BEGIN

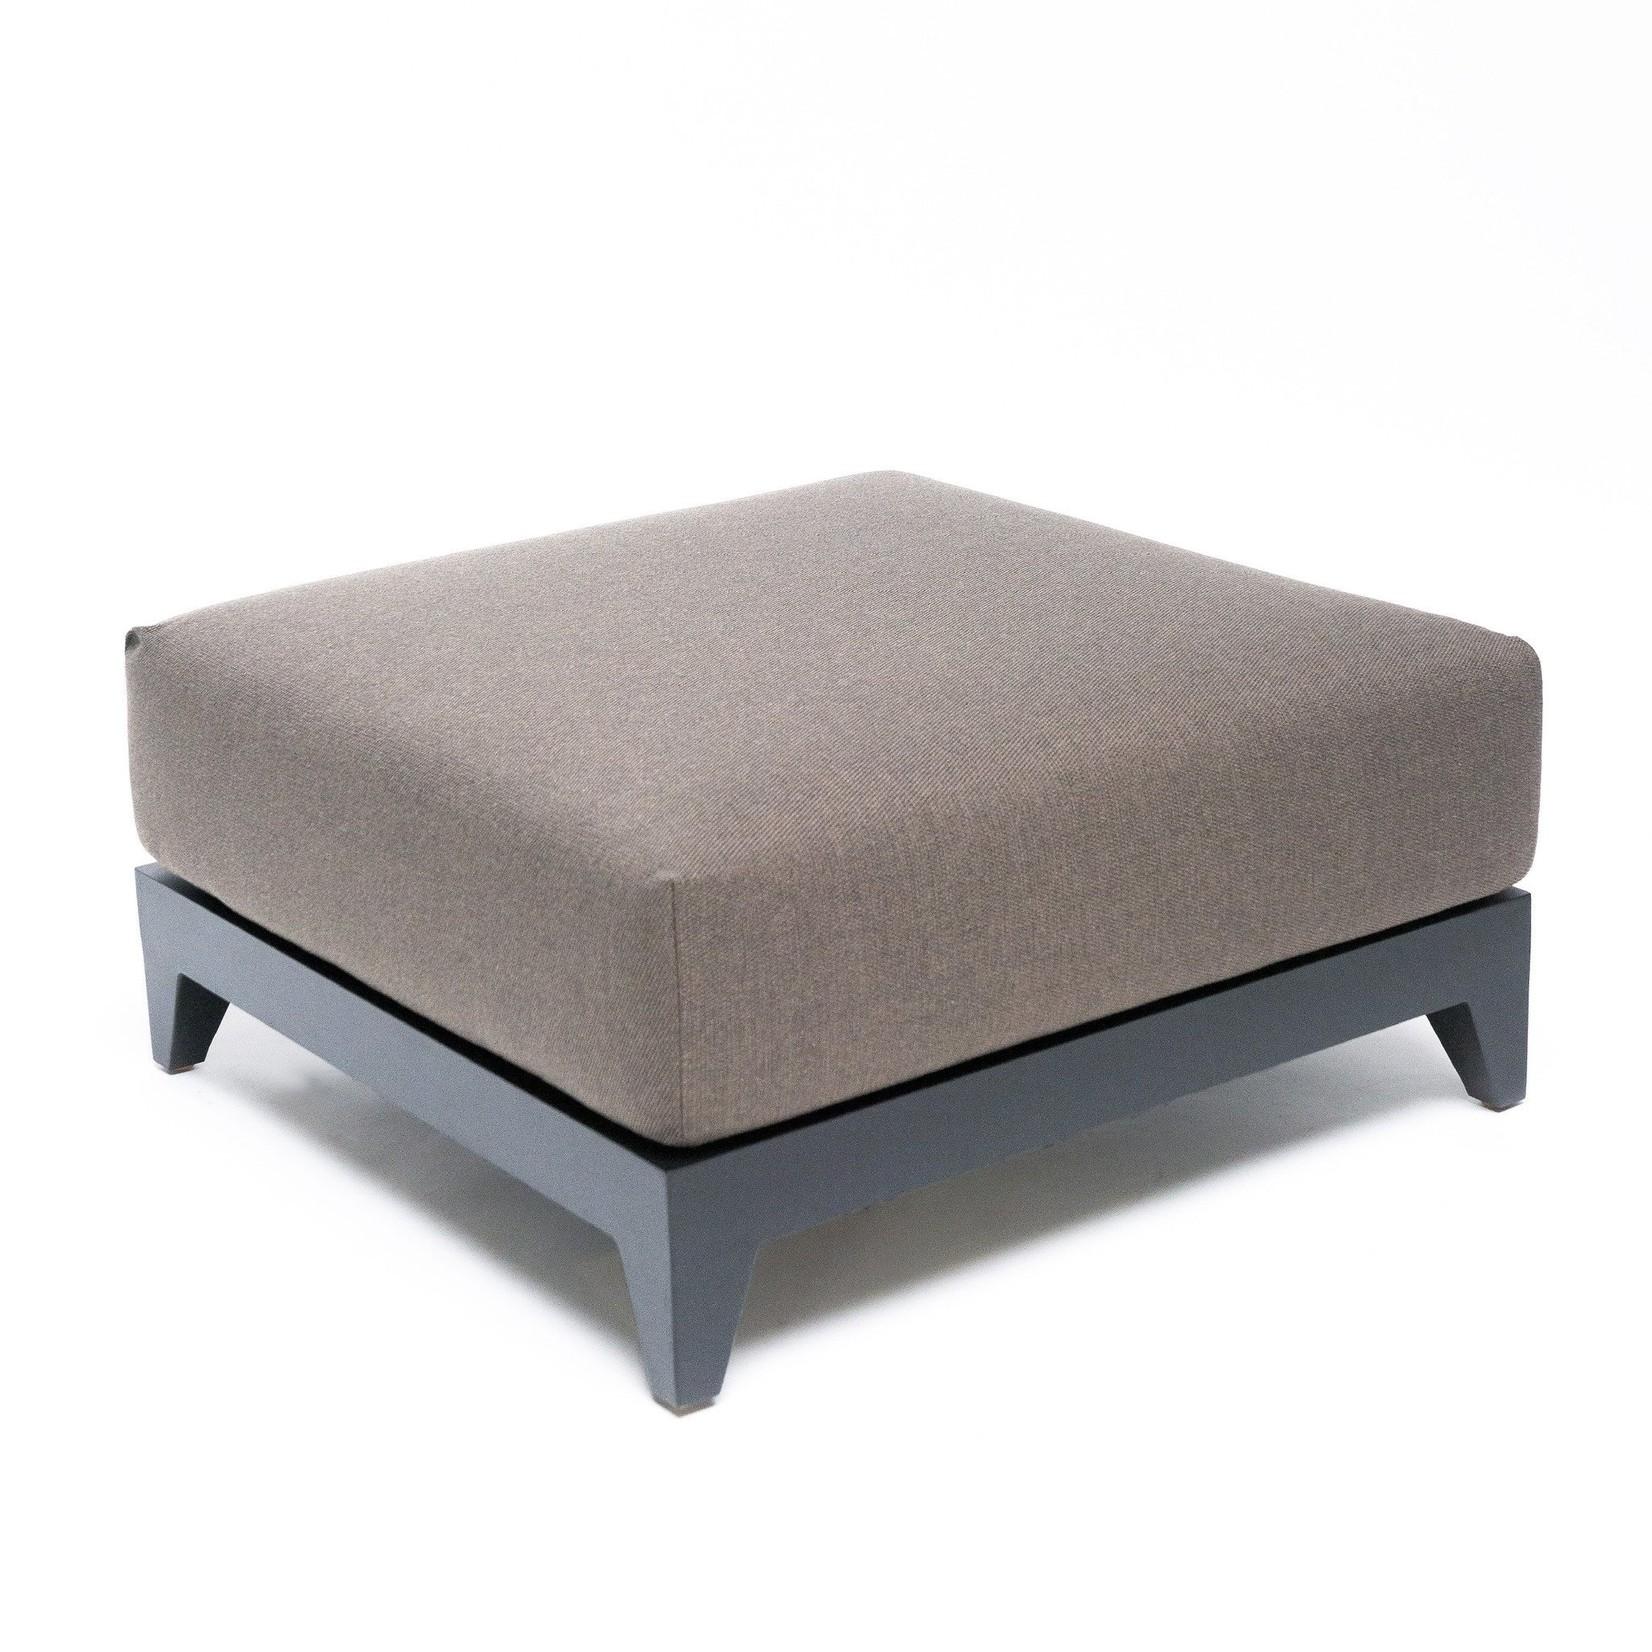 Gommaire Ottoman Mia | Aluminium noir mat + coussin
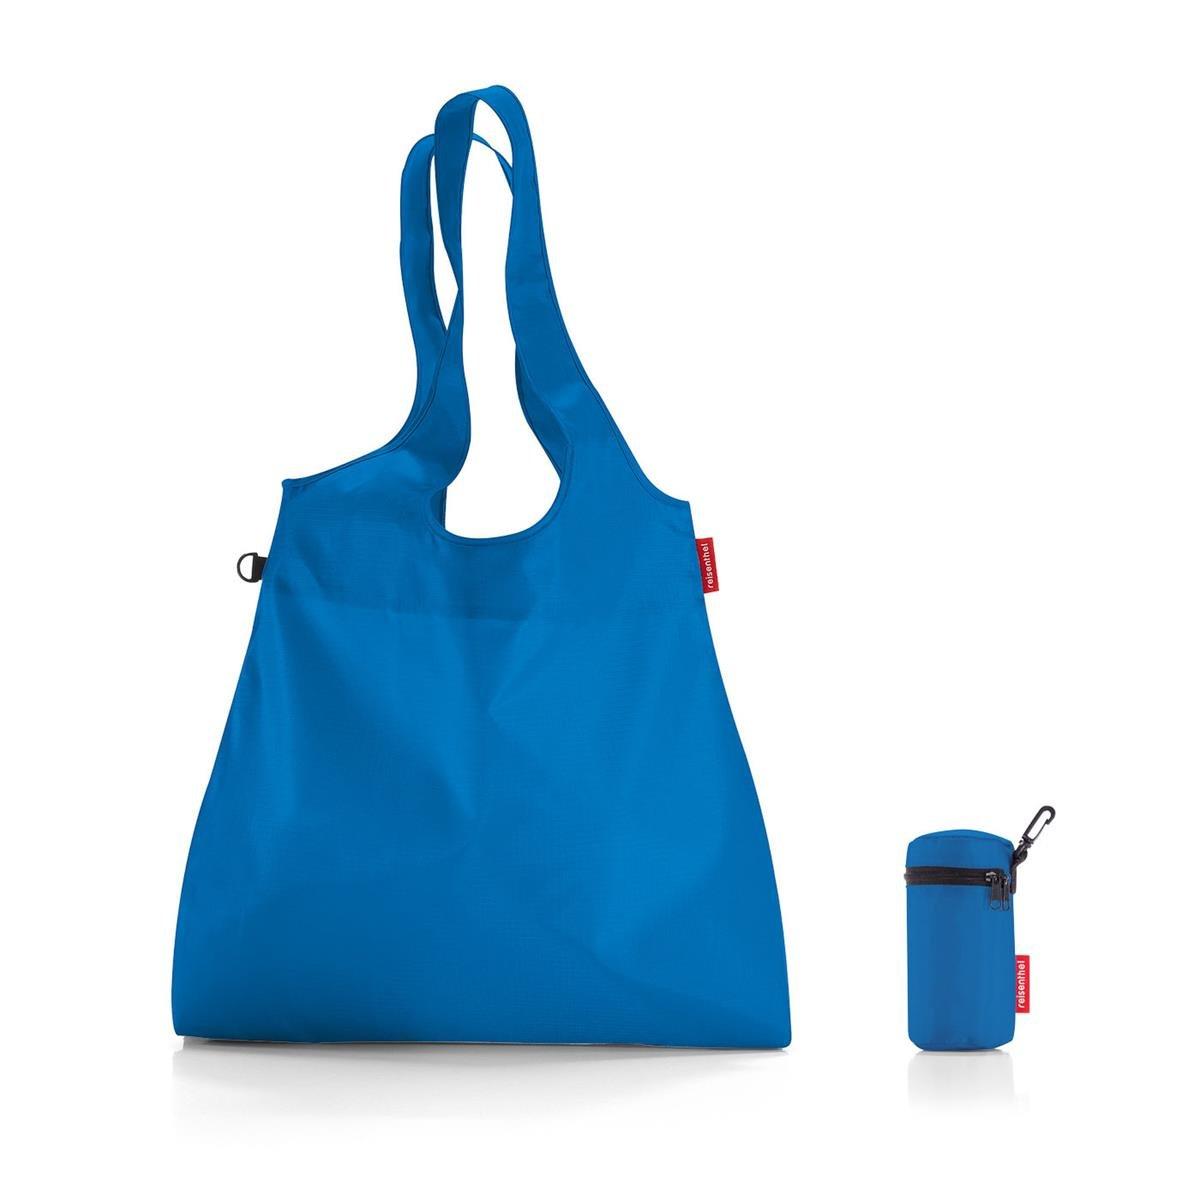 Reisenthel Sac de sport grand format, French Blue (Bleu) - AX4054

END
BEGIN

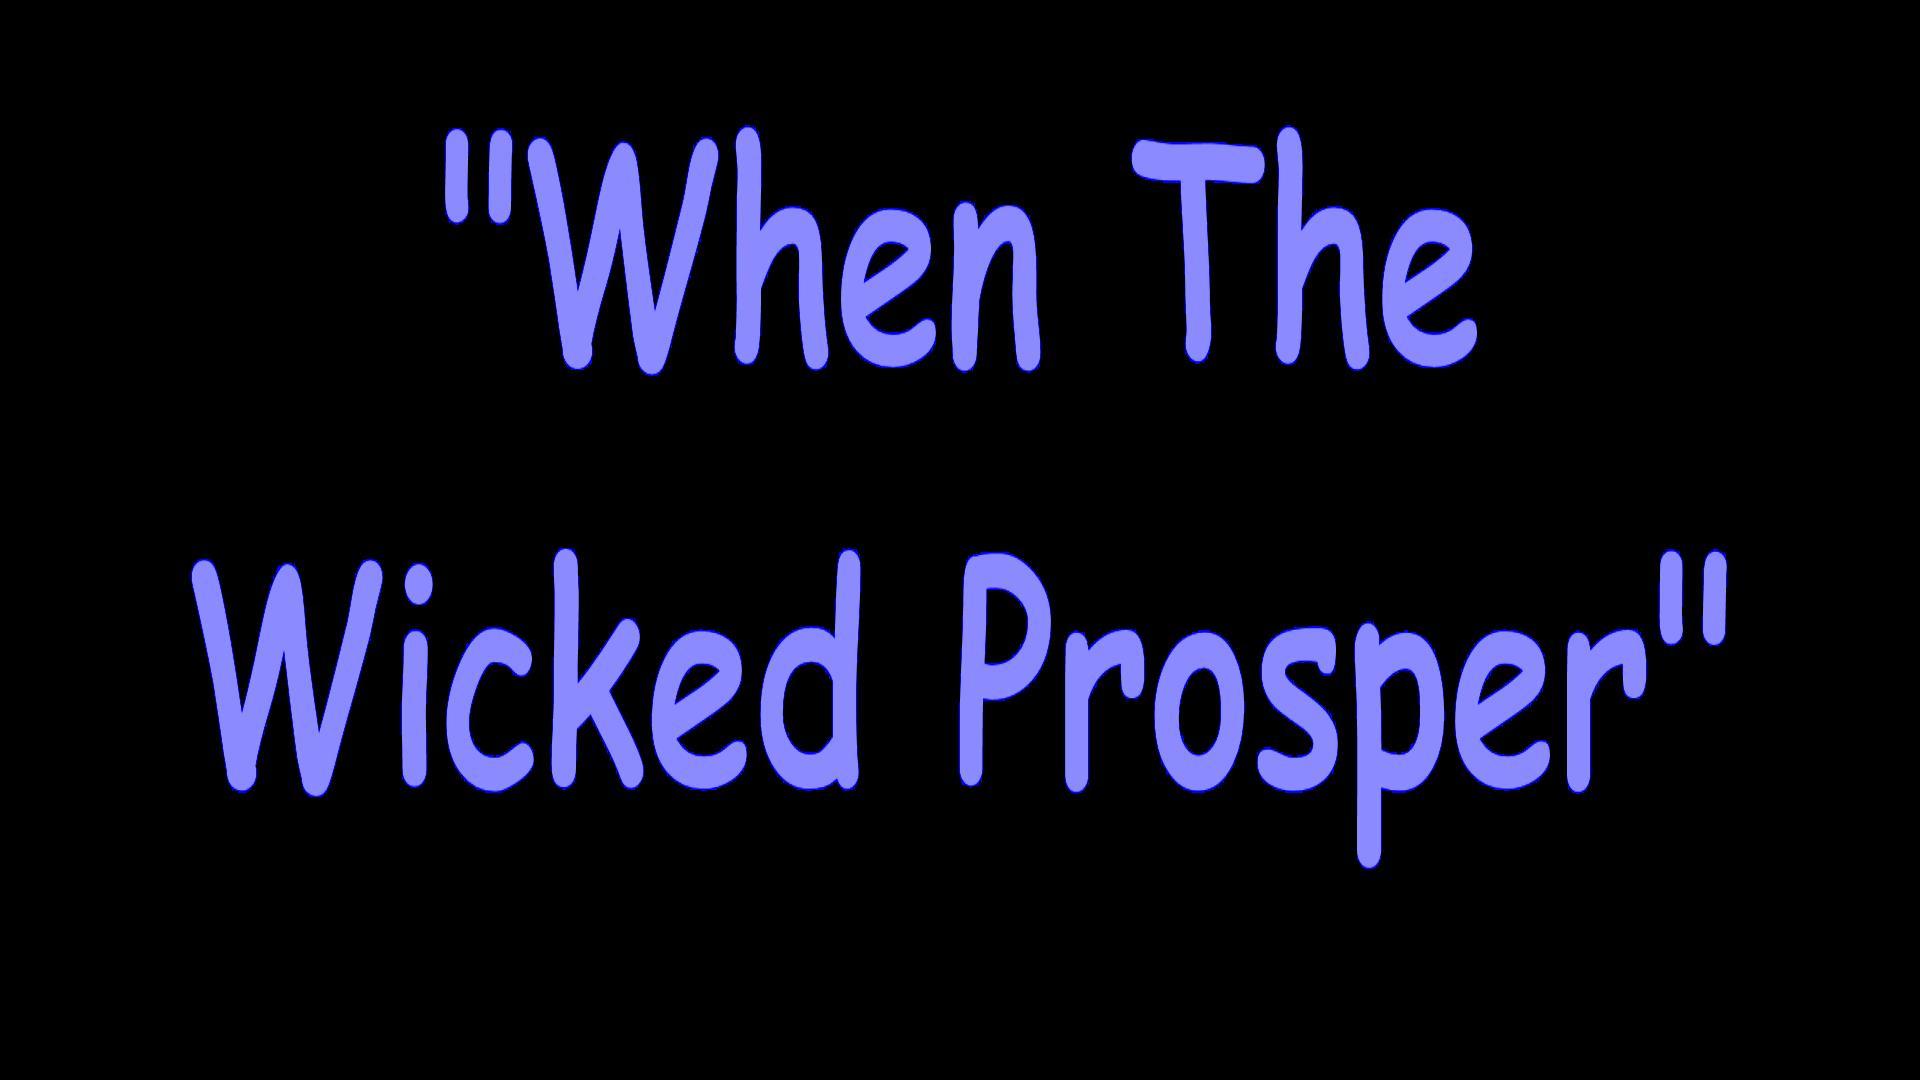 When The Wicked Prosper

END
BEGIN

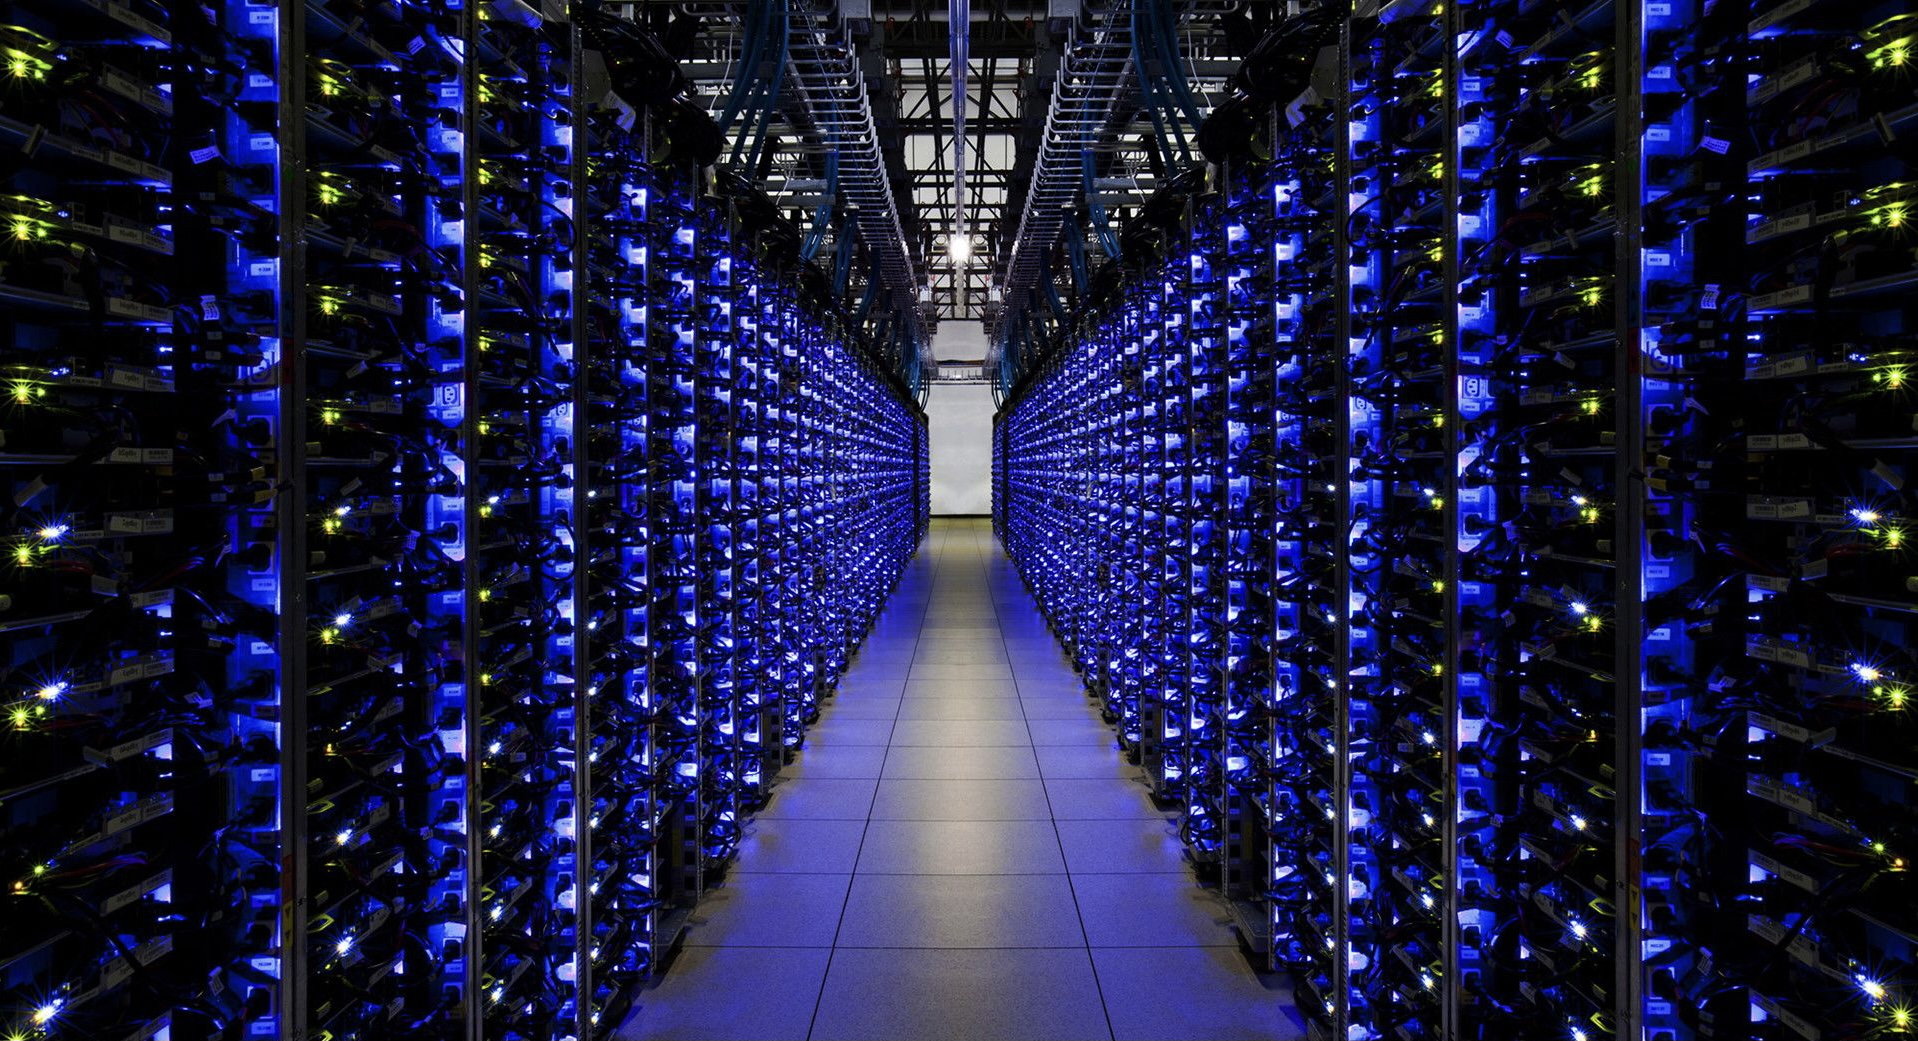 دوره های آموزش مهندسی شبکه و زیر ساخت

END

* _Action item_
Using the entries above, write out exactly the lines from the one with "Gommaire Ottoman Mia" through the one with "Reisenthel Sac de", ends included. Leave out any pictures.

* _Exercise solution_
 Gommaire Ottoman Mia | Aluminium noir mat + coussin
 Reisenthel Sac de sport grand format, French Blue (Bleu) - AX4054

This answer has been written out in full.